GIVEN DATA

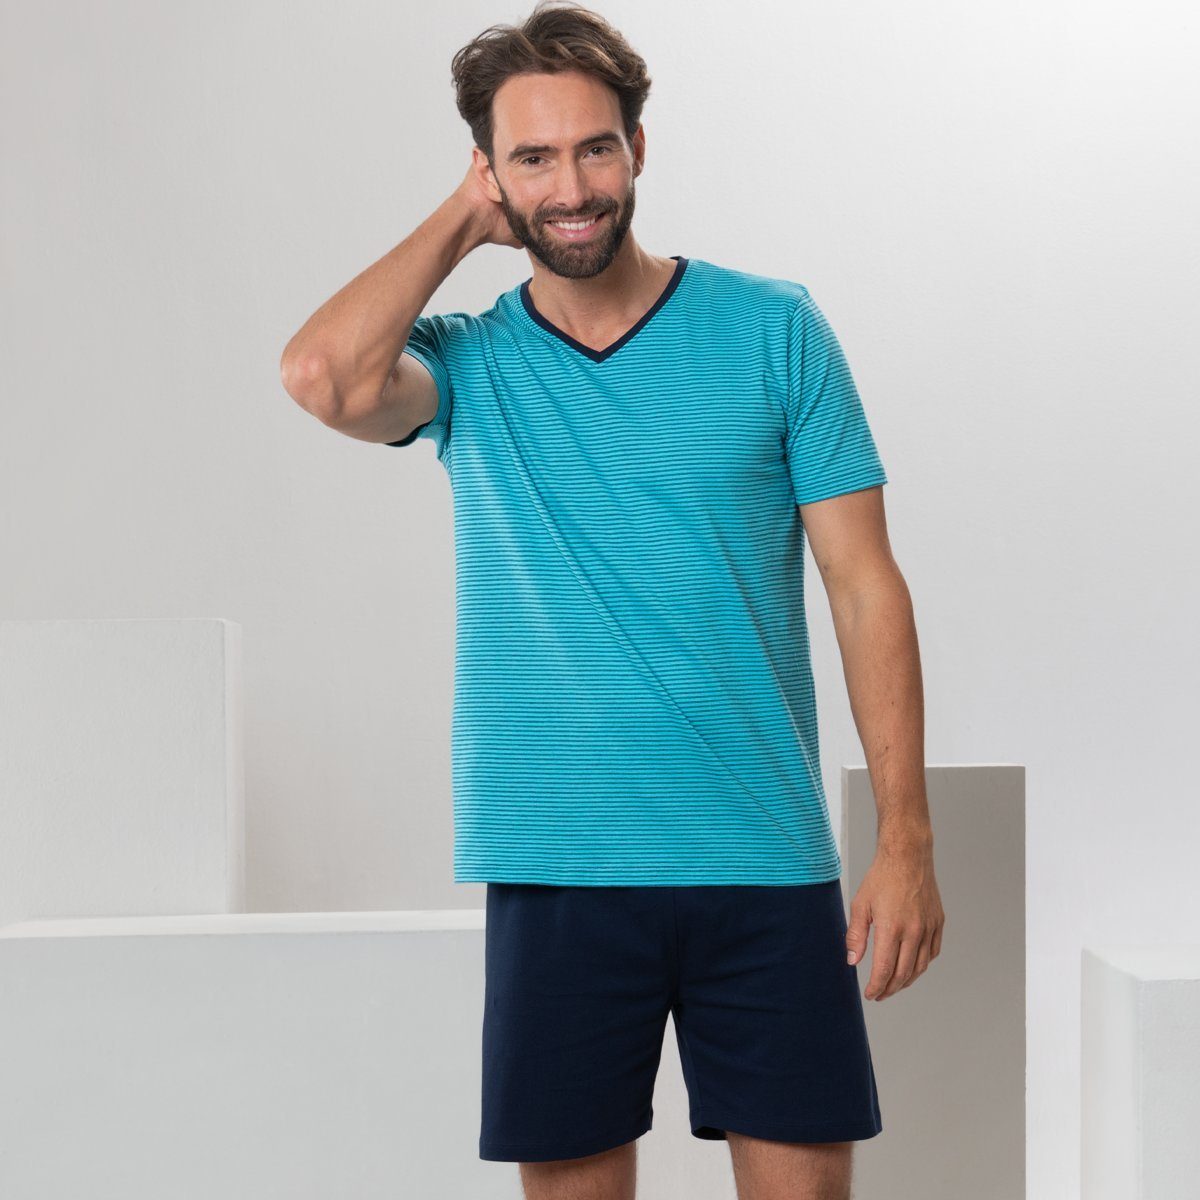 LIVING CRAFTS Schlafanzug CARL Sommerliche Leichtigkeit in abgestimmten Farbtönen Turquoise
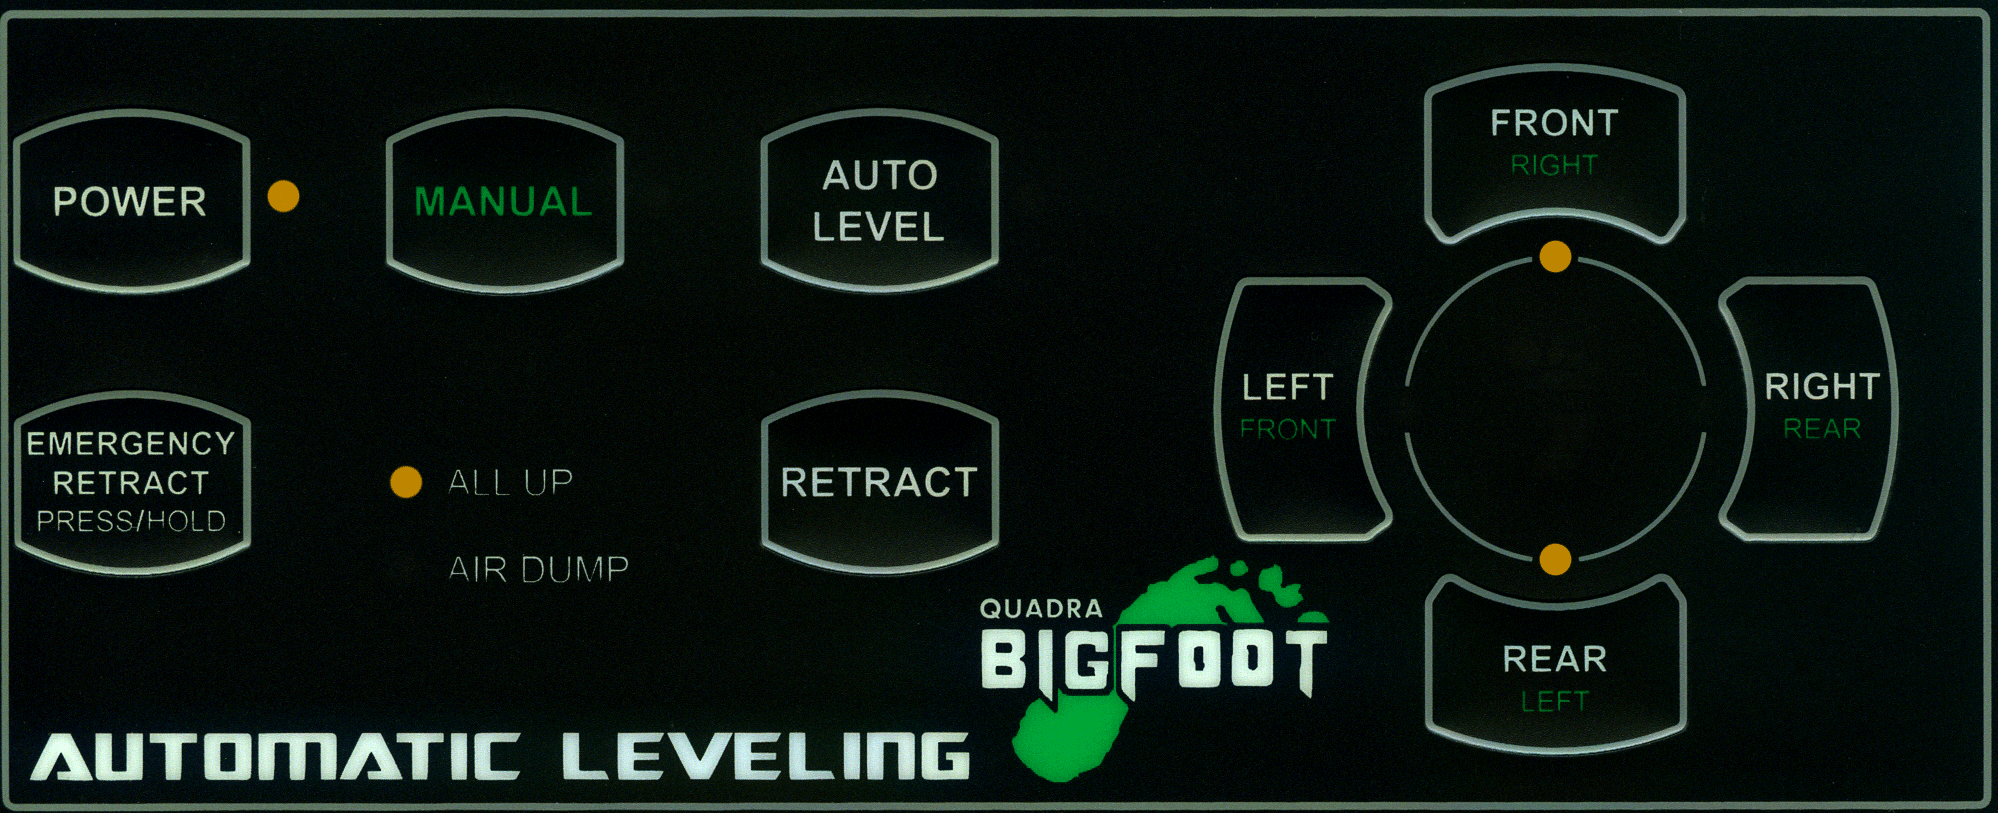 Bigfoot Leveling System Wiring Diagram - CIKERI
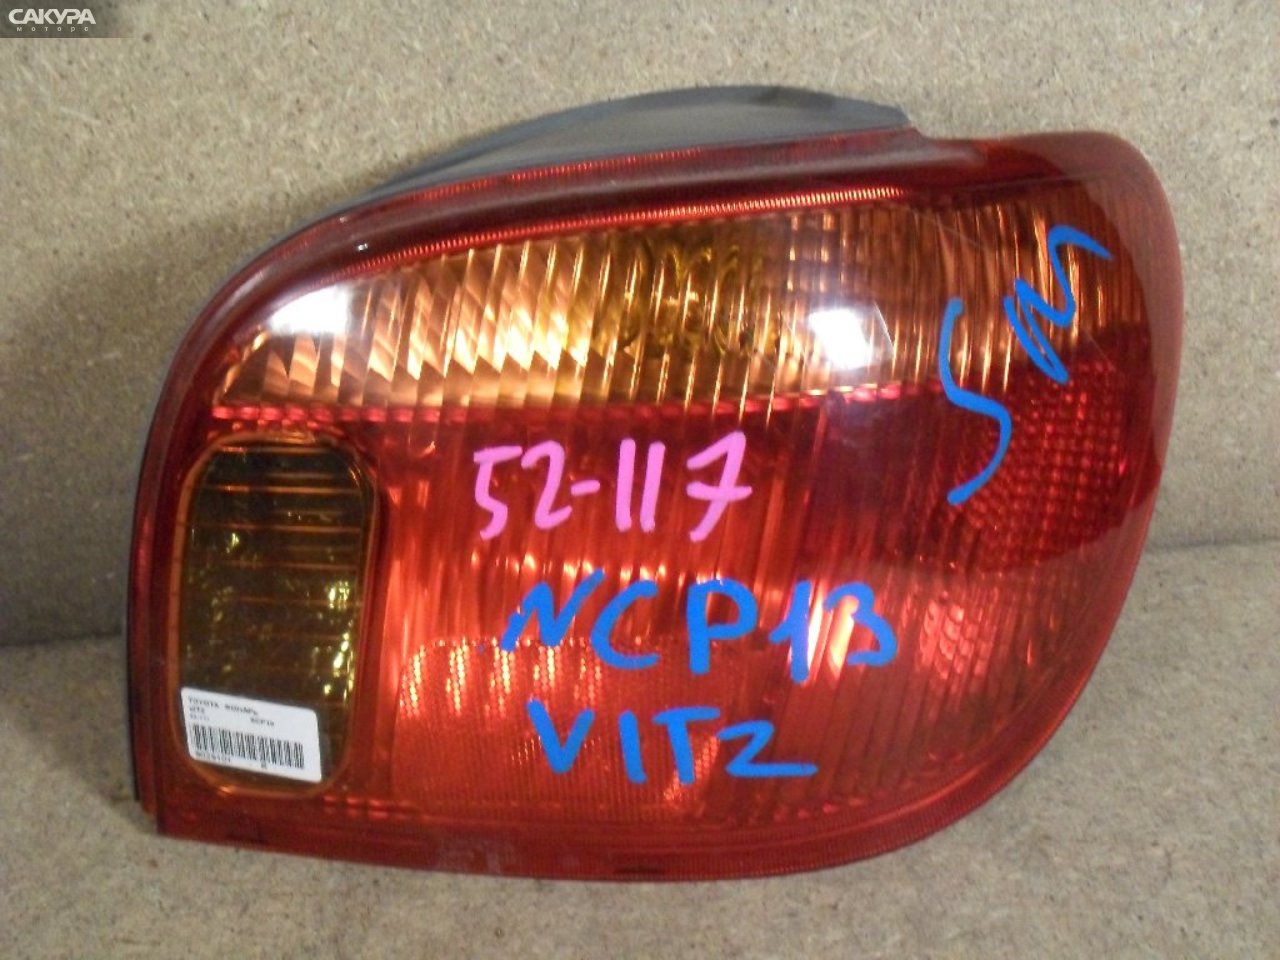 Фонарь стоп-сигнала правый Toyota Vitz SCP10 52-117: купить в Сакура Абакан.
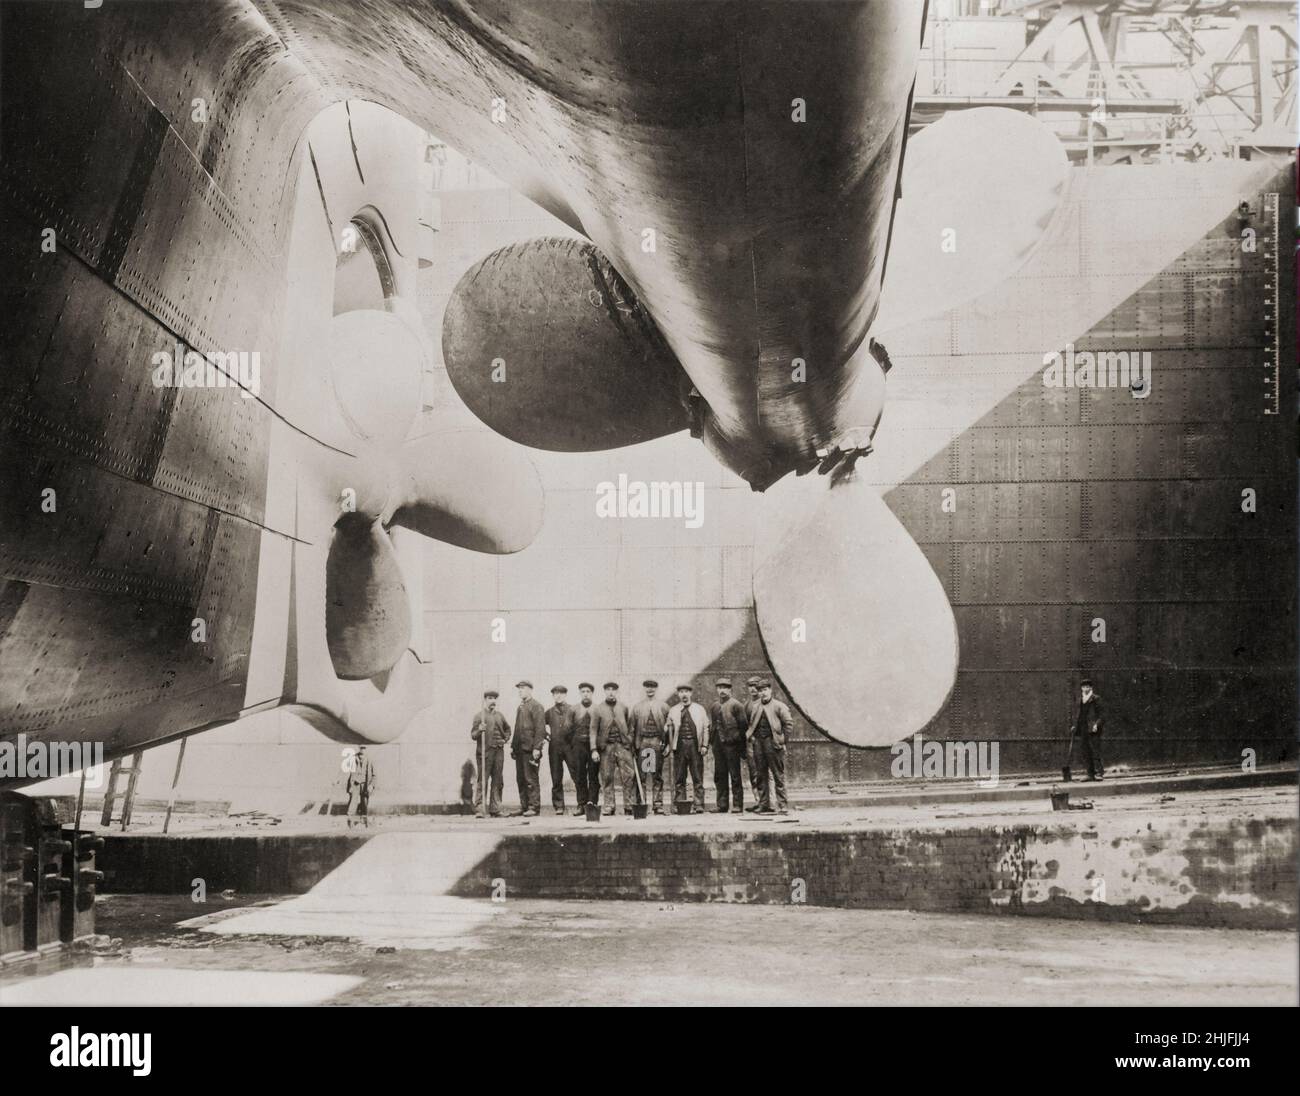 Ein Vintage-Foto von Werftarbeitern und den Propellern, die RMS Titanic, das britische Passagierflugzeug, vor seinem Start im Jahr 1911 angetrieben haben. Betrieben von der White Star Line, die am 15. April 1912 im Nordatlantik versank, nachdem sie während ihrer Jungfernfahrt von Southampton, Großbritannien, nach New York City einen Eisberg geschlagen hatte. Von den geschätzten 2.224 Passagieren und der Besatzung an Bord starben mehr als 1.500, was den Untergang wahrscheinlich zu einem der tödlichsten für ein einziges Schiff bis zu dieser Zeit machte. Stockfoto

BRIEF
Each line from the one that contains "Bigfoot Leveling System" down to the one that contains "Фонарь стоп-сигнала правый" is to be returned exactly as it stands above, both ends included, with pictures removed.

RESPONSE TO THIS TASK
 Bigfoot Leveling System Wiring Diagram - CIKERI
 Фонарь стоп-сигнала правый Toyota Vitz SCP10 52-117: купить в Сакура Абакан.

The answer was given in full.